If climate change and peak oil don't get us, offshoring will.

Published March 23, 2006 11:47PM (EST)

Offshoring is the Third Industrial Revolution, declares economist Alan S. Blinder in the current issue of Foreign Affairs. First came the steam engine, and the beginning of the transition from agriculture to manufacturing. Second came the shift from manufacturing to services. Finally: the information age, an era in which "the cheap and easy flow of information around the globe has vastly expanded the scope of tradable service ... Just like the previous two, the third Industrial Revolution will require vast and unsettling adjustments in the way Americans and residents of other developed countries work, live, and educate their children."

The always excellent Brad Delong alerted me today to an essay in the Washington Post by Harold Meyerson, the editor-at-large of the American Prospect, who uses the Blinder treatise as a launching point for his own recommendations on how to deal with the offshoring future. Meyerson's suggestions are as follows: a massive investment in energy efficiency and worker training; the unionization and skill-upgrading "of the nearly 50 million private-sector workers in health care, transportation, construction, retail, restaurants and the like whose jobs can't be shipped abroad"; and "if America is to survive American capitalism in the age of globalization, we need to alter the composition of our corporate boards so that employee and public representatives can limit the offshoring of our economy."

That's all well and good, though I suspect that matters will have to get a great deal worse in this country before current leaders are replaced by politicians who will confront the deep structure of American capitalism head-on.
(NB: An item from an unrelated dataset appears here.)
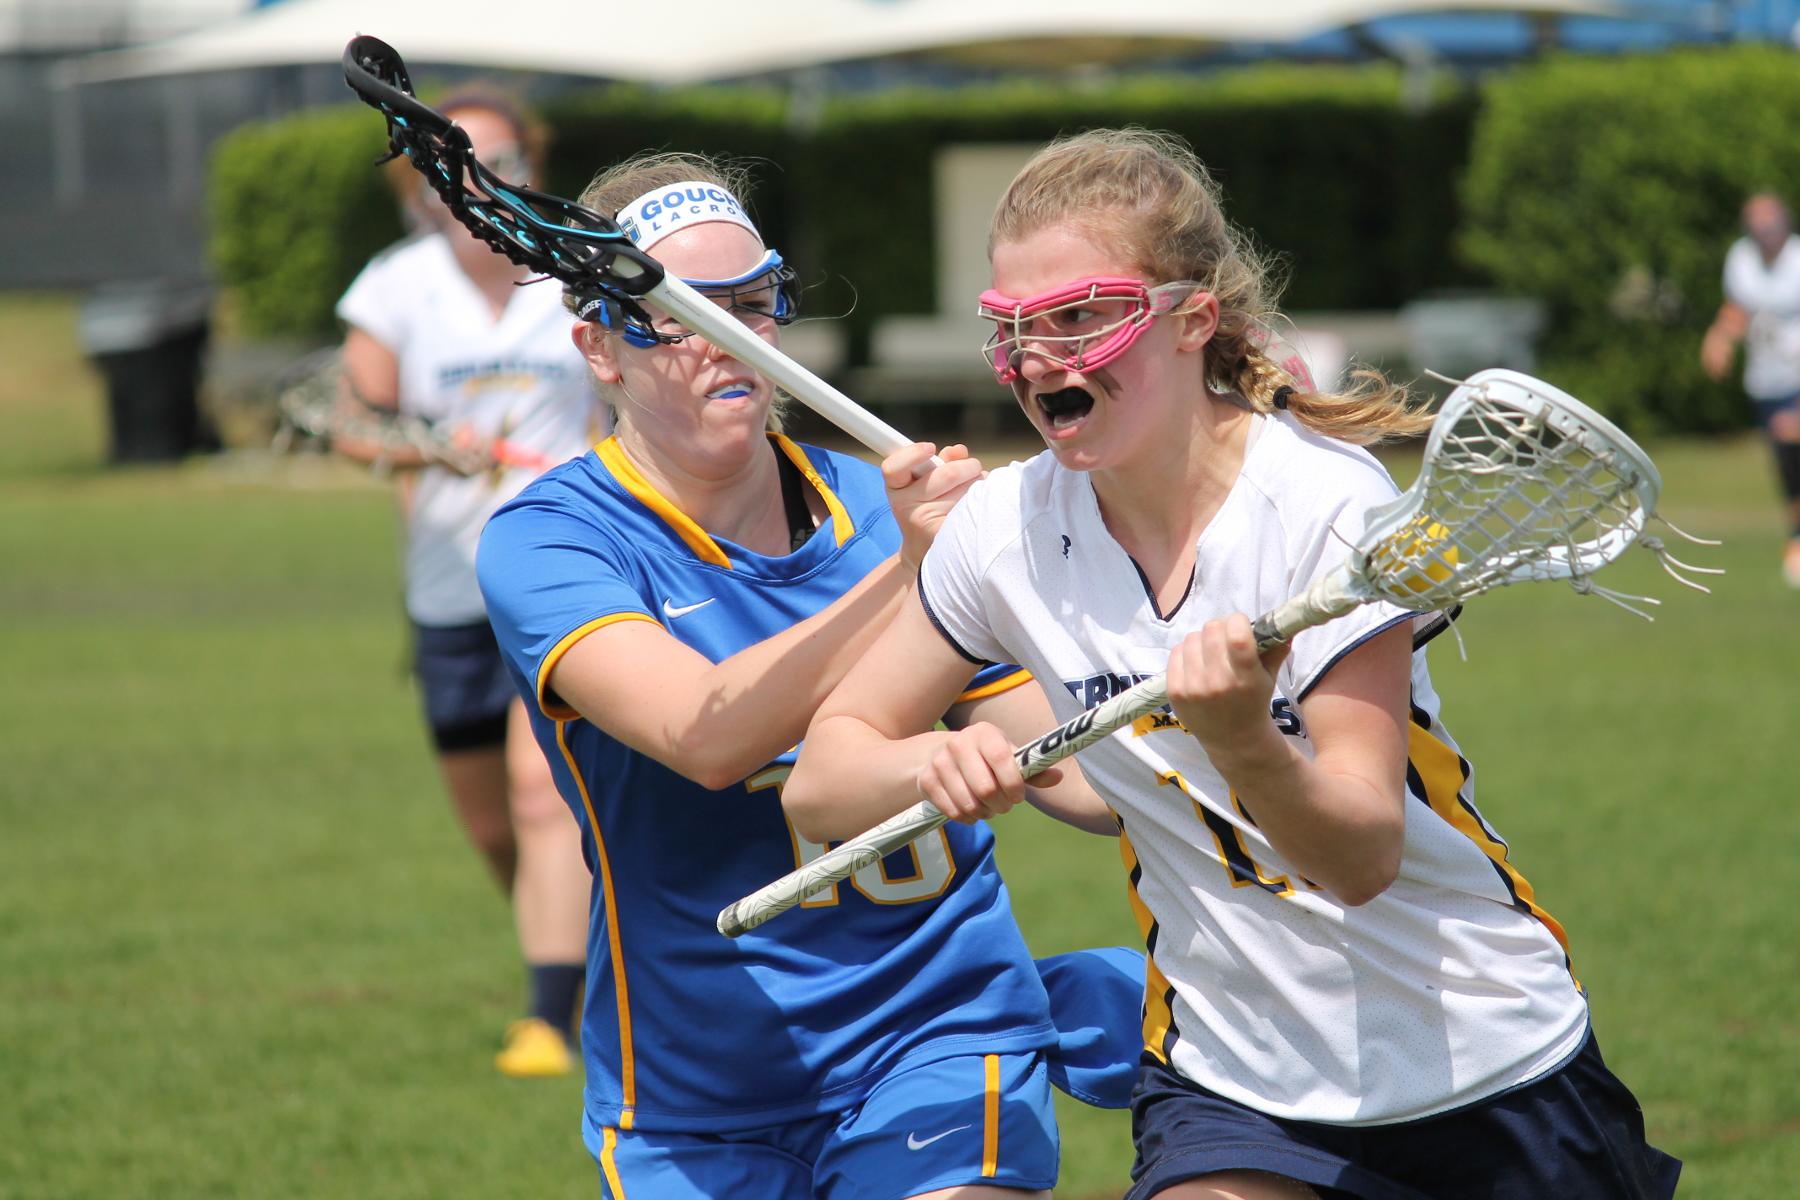 Cutler paces MCLA as they breeze past Green Mountain in women's lacrosse

But the actual text of Blinder's essay (available online for $5.95) does not make any reference to limiting the offshoring of the American economy. In fact, even as it lays out a stark scenario in which millions upon millions of white-collar jobs will become vulnerable to foreign competition in decades to come, Blinder, who served as one of Clinton's economic advisors in the early '90s, argues that "we should not view the coming wave of offshoring as an impending catastrophe."

"Nor should we try to stop it. The normal gains from trade mean that the world as a whole cannot lose from increases in productivity, and the United States and other industrial countries have not only weathered but also benefitted from comparable changes in the past. But in order to do so again, the governments and societies of the developed world must face up to the massive, complex, and multifaceted challenges that offshoring will bring. National data systems, trade policies, educational systems, social welfare programs and politics all must adapt to new realities. Unfortunately, none of this is happening now."
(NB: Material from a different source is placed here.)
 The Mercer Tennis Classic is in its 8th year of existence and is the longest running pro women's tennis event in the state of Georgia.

Blinder then goes on to recommend a variety of safety net improvements and (somewhat unspecified) educational reforms to help manage the transition. But as he notes, "it is easier to describe the broad contours of a solution than to prescribe specific remedies."

"Most obvious," he writes, "is what to avoid: protectionist barriers against offshoring. Building walls against conventional trade in physical goods is hard enough. Humankind's natural propensity to truck and barter, plus the power of comparative advantage, tends to undermine such efforts -- which not only end in failure but also cause wide-ranging collateral damage. But it is vastly harder (read 'impossible') to stop electronic trade. There are just too many 'ports' to monitor. The Coast Guard cannot interdict 'shipments' of electronic services delivered via the Internet. Governments could probably do a great deal of harm by trying to block such trade, but in the end they would not succeed in repealing the laws of economics, nor in holding back the forces of history."
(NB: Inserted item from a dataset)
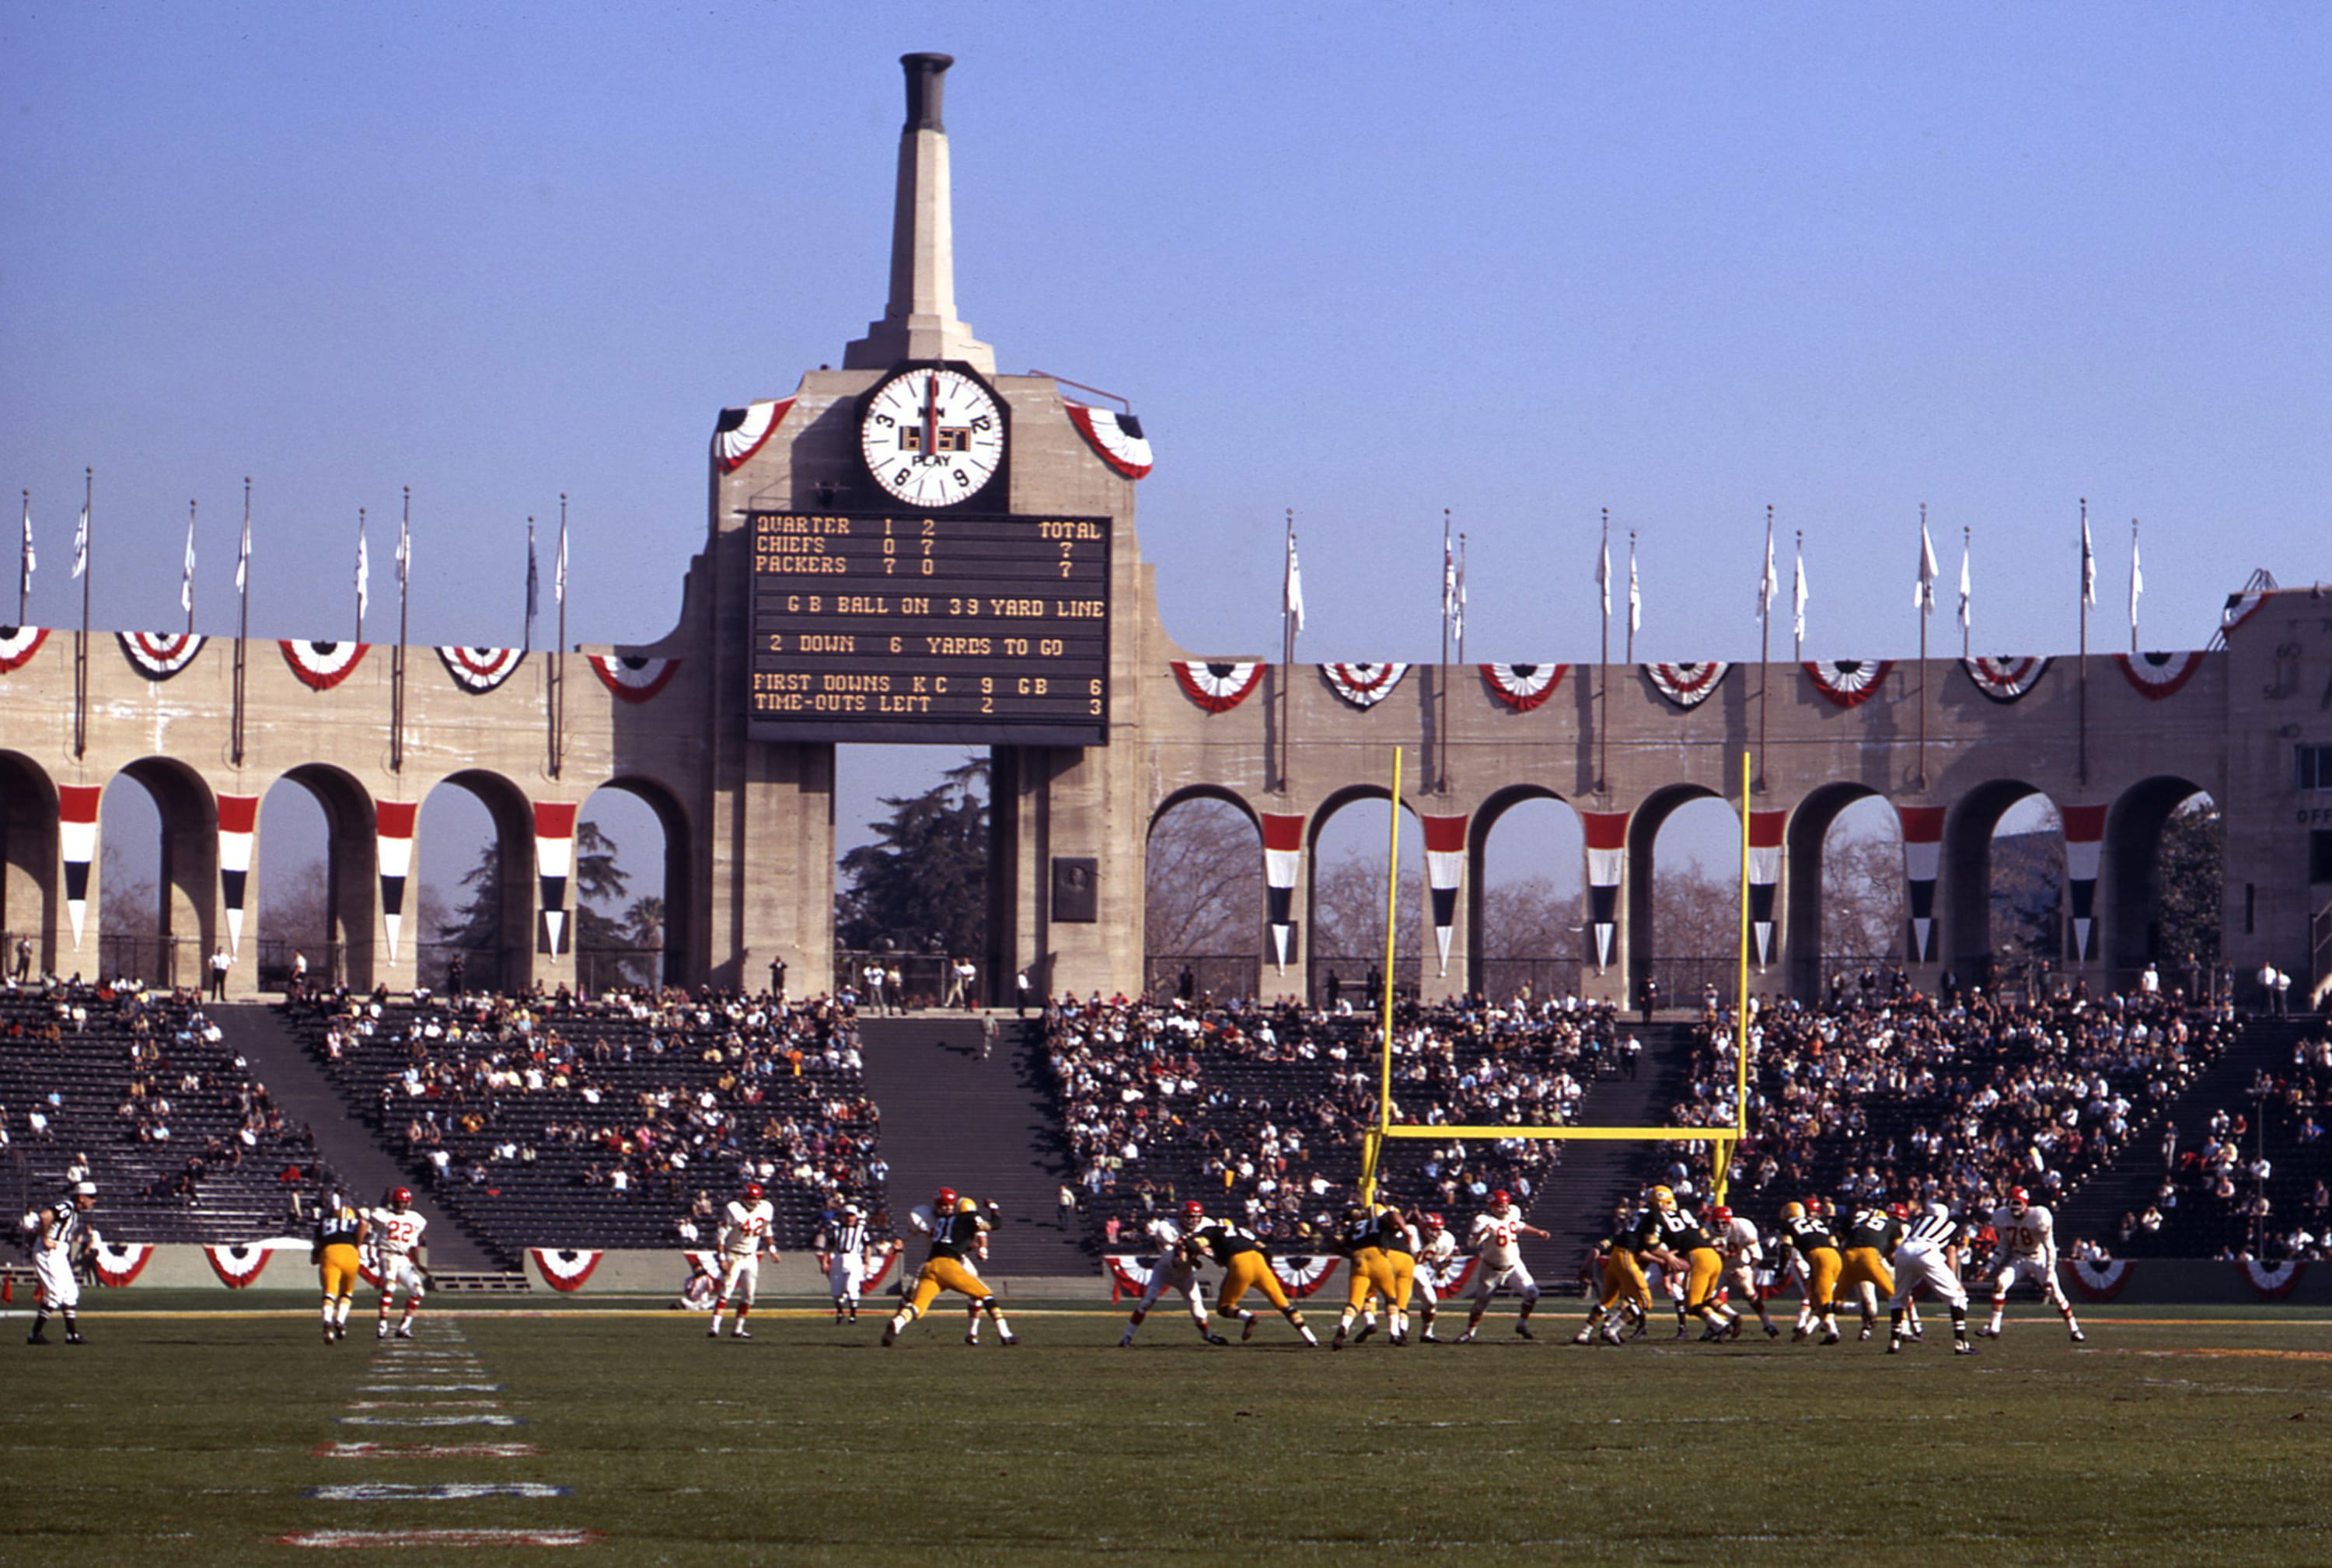 The first Super Bowl was played between the Green Bay Packers and Kansas City Chiefs at the Coliseum on Jan. 15, 1967

I can already hear some of Salon's readers rolling their eyes and saying, there he goes again, quoting another typical economist bleating about how protectionism won't work. And I will concede, I'm inclined to agree with the sentiment expressed today in a letter responding to an earlier post: There is clearly no political will in this country for the massive investment in social programs necessary to prepare the U.S. for the onrushing future. Trade wars and punitive tariffs appear inevitable, particularly as white-collar workers with a higher political profile start to feel the competition more keenly.

Blinder doesn't think massive unemployment will result from this third revolution, but it's hard to argue with his conclusion: "the necessary adjustments will put strains on the societies of the rich countries, which seem completely unprepared for the coming industrial transformation."

Huh? Where else have we heard similar sentiments lately? We are likewise unready for a worldwide energy crunch or massive climate change. The 21st century is shaping up to be a real doozy.